▸ **ACTIVITY**
Provide again, from the entries below, every line from the one containing "Your freedom to" through the one containing "Jude Connally Lucia", exactly as written, and no other line.

▸ **DATA UNDER STUDY**
- Opening Delimiter -

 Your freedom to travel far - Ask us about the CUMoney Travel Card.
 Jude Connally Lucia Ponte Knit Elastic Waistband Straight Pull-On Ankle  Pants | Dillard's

- Closing Delimiter -
- Opening Delimiter -

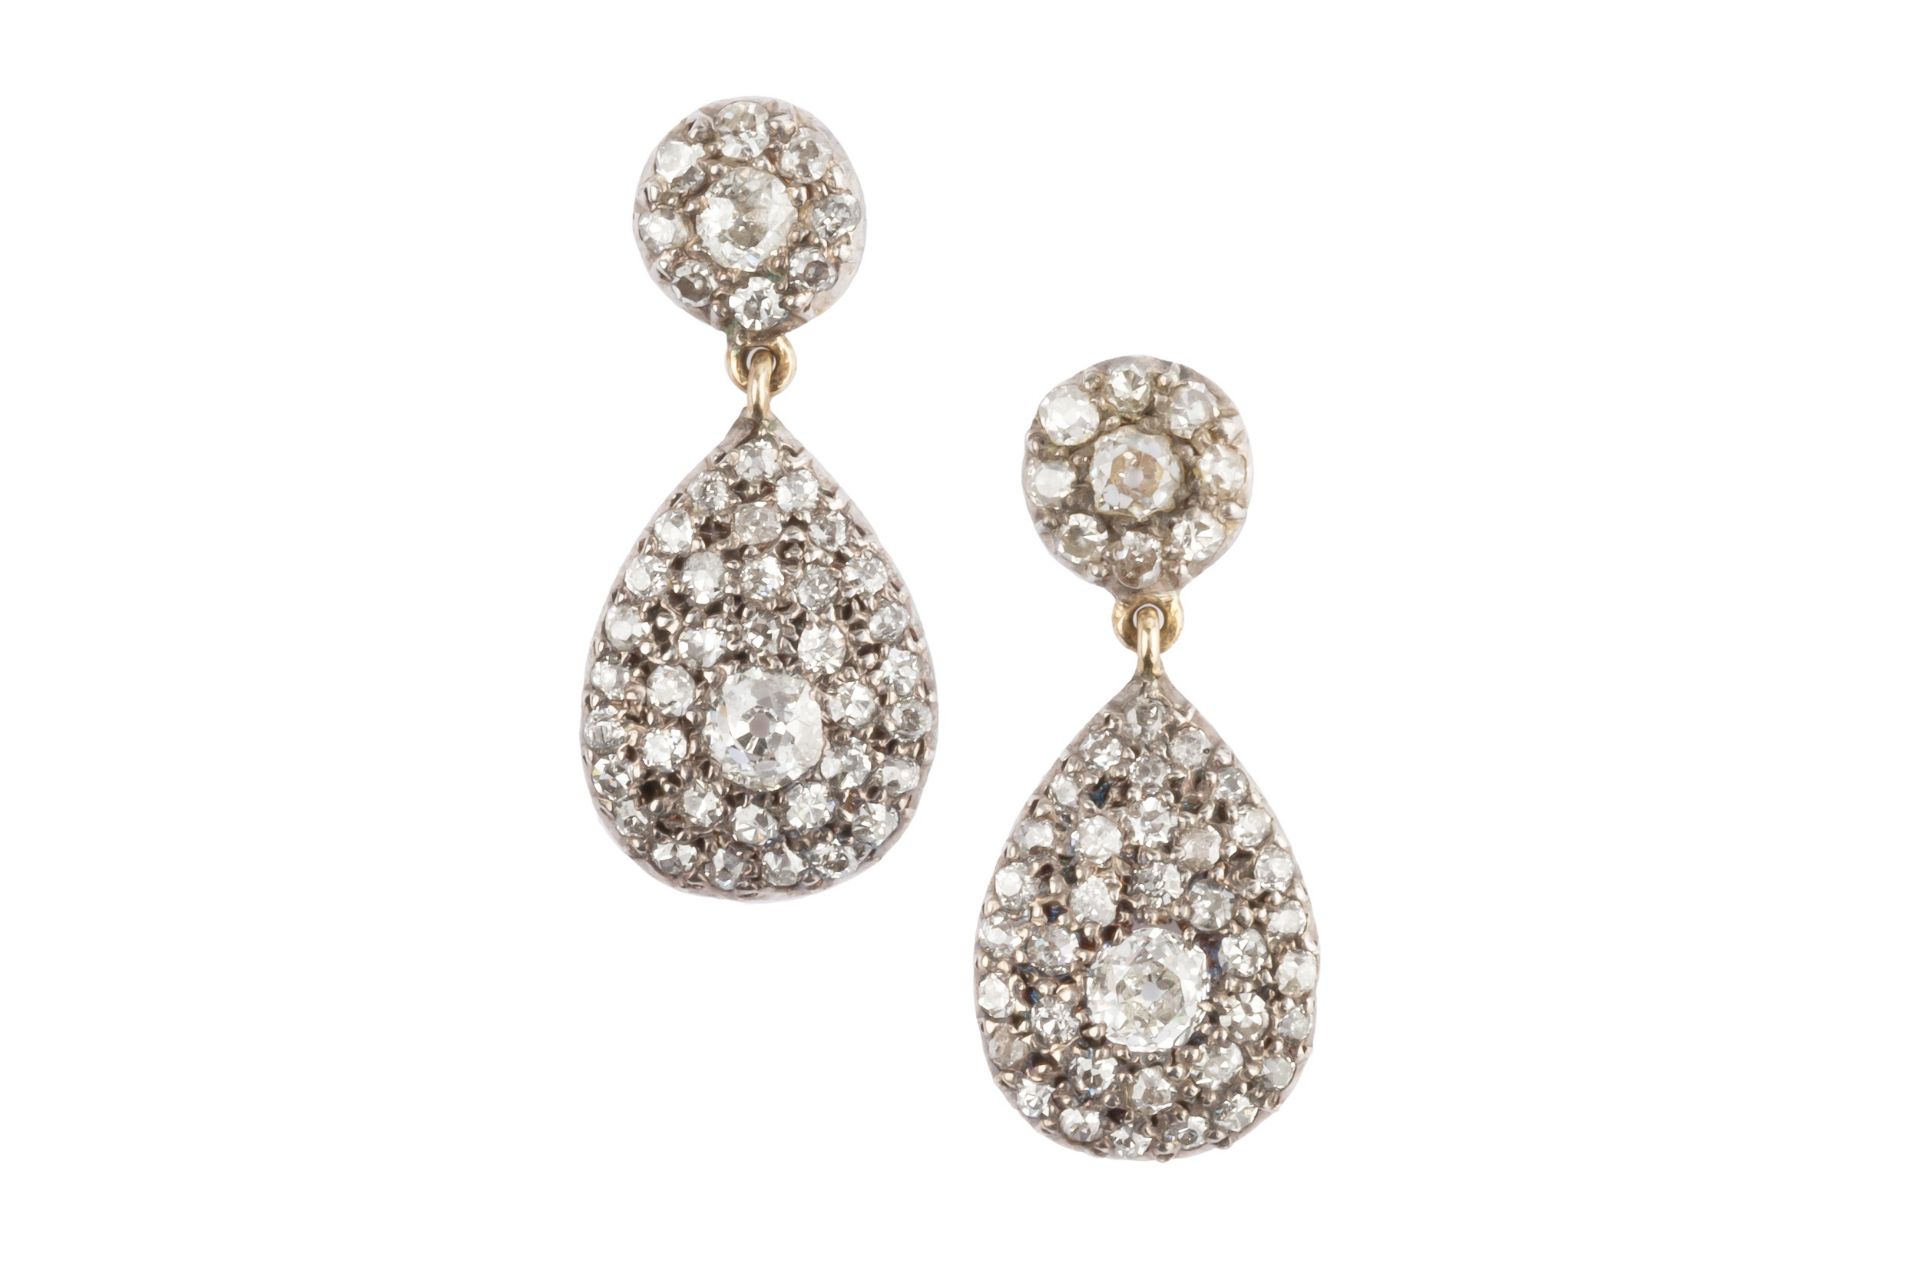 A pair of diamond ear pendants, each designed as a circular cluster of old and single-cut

- Closing Delimiter -

▸ **RESPONSE AREA**
 Your freedom to travel far - Ask us about the CUMoney Travel Card.
 Jude Connally Lucia Ponte Knit Elastic Waistband Straight Pull-On Ankle  Pants | Dillard's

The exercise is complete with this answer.